# Raise Rainbird 5000 Sprinkers - Added Topsoil



## JerseyGreens (Aug 30, 2019)

Hey guys - I added a hefty amount of topsoil to my yard in prep of a full blown reno.

I've noticed that lots of my sprinkler heads are now way too low.

I watched this video by @wardconnor 





Can't find online where to buy these though.

Any advice? Thanks!


----------



## g-man (Jun 15, 2017)

Lowes/ menards should have those without paying for shipping. Maybe SiteOne too.

If you want to pay for shipping of a $1 part. https://www.sprinklerwarehouse.com/products/lawn-irrigation/fittings/shrub-sticks-nipples


----------



## JerseyGreens (Aug 30, 2019)

g-man said:


> Lowes/ menards should have those without paying for shipping. Maybe SiteOne too.
> 
> If you want to pay for shipping of a $1 part. https://www.sprinklerwarehouse.com/products/lawn-irrigation/fittings/shrub-sticks-nipples


You sir should have a tips jar section in your signature. Seriously you help so many people that I wish we could just drop some change in a jar every now and again!

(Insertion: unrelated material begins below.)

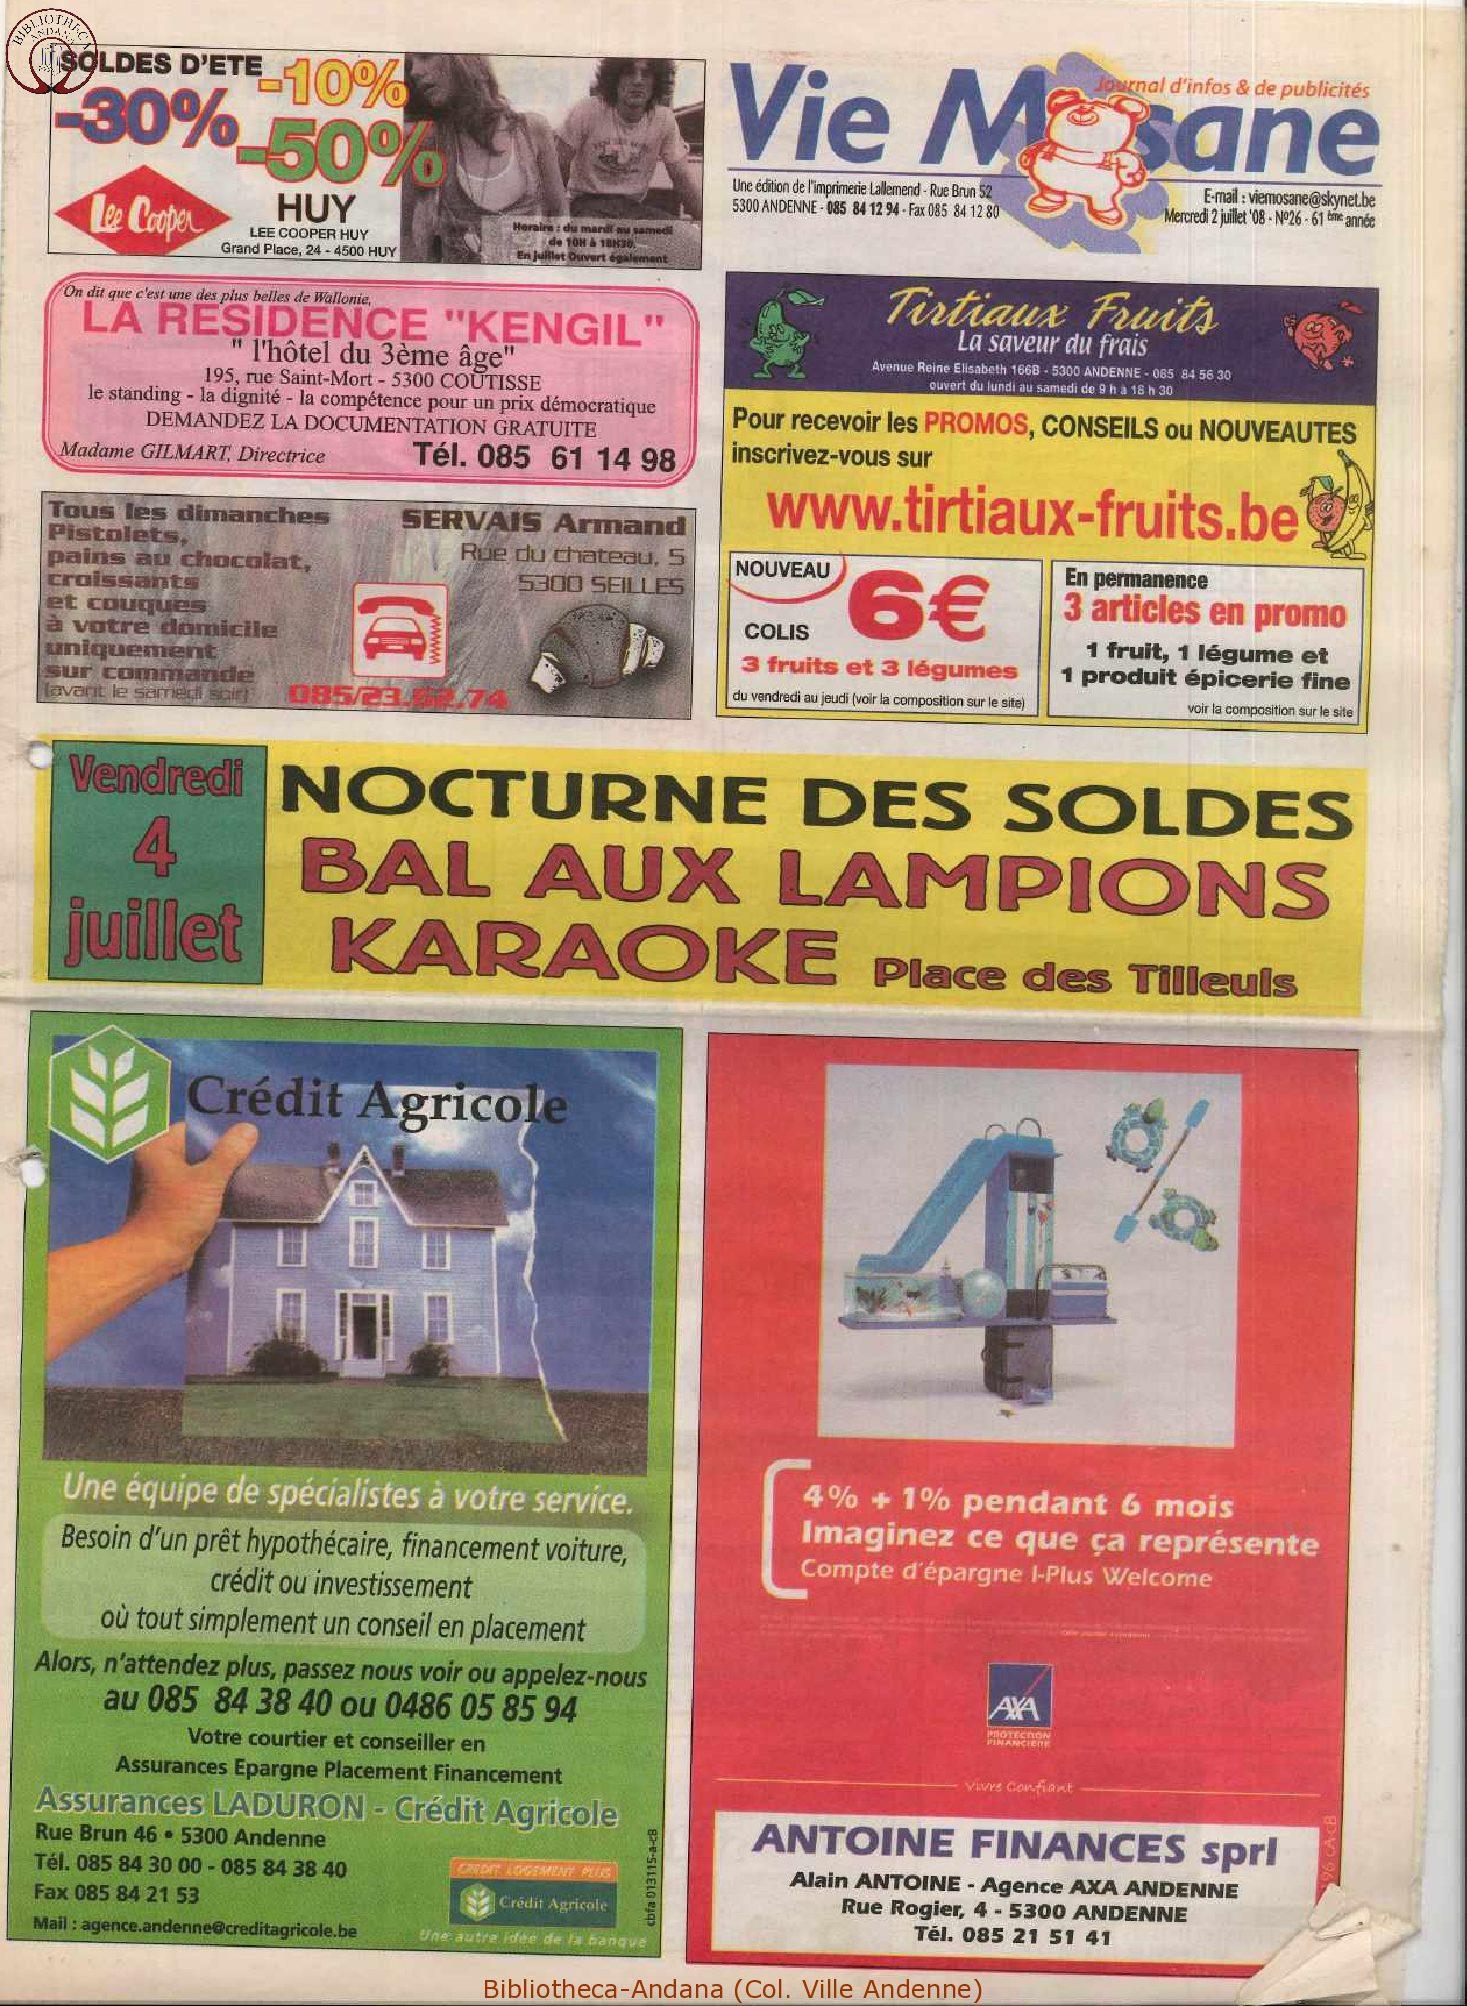 61e année - n°26 - 2 juillet 2008

It doesn't matter if Lowe's states that they are for Orbit right? Assuming all that matters is that the 1/2 inch connection to the pipes.


----------



## g-man (Jun 15, 2017)

It doesn't matter. It is all pipe thread. I actually need to buy some to fix two heads. I went to Menards yesterday and forgot about it.


----------



## wardconnor (Mar 25, 2017)

I bought those at The Home Depot. You can also use a straight pipe with a coupler. Just added cost.


----------



## JerseyGreens (Aug 30, 2019)

Hey bud! We spoke on IG. Used your method for the first one then realized the install was done on funny pipe. Just had to dig em out put some soil under them and get them up. Today is seed down day.

Just hand raked 6500 SQ feet for 4 hours. Taking a break.


----------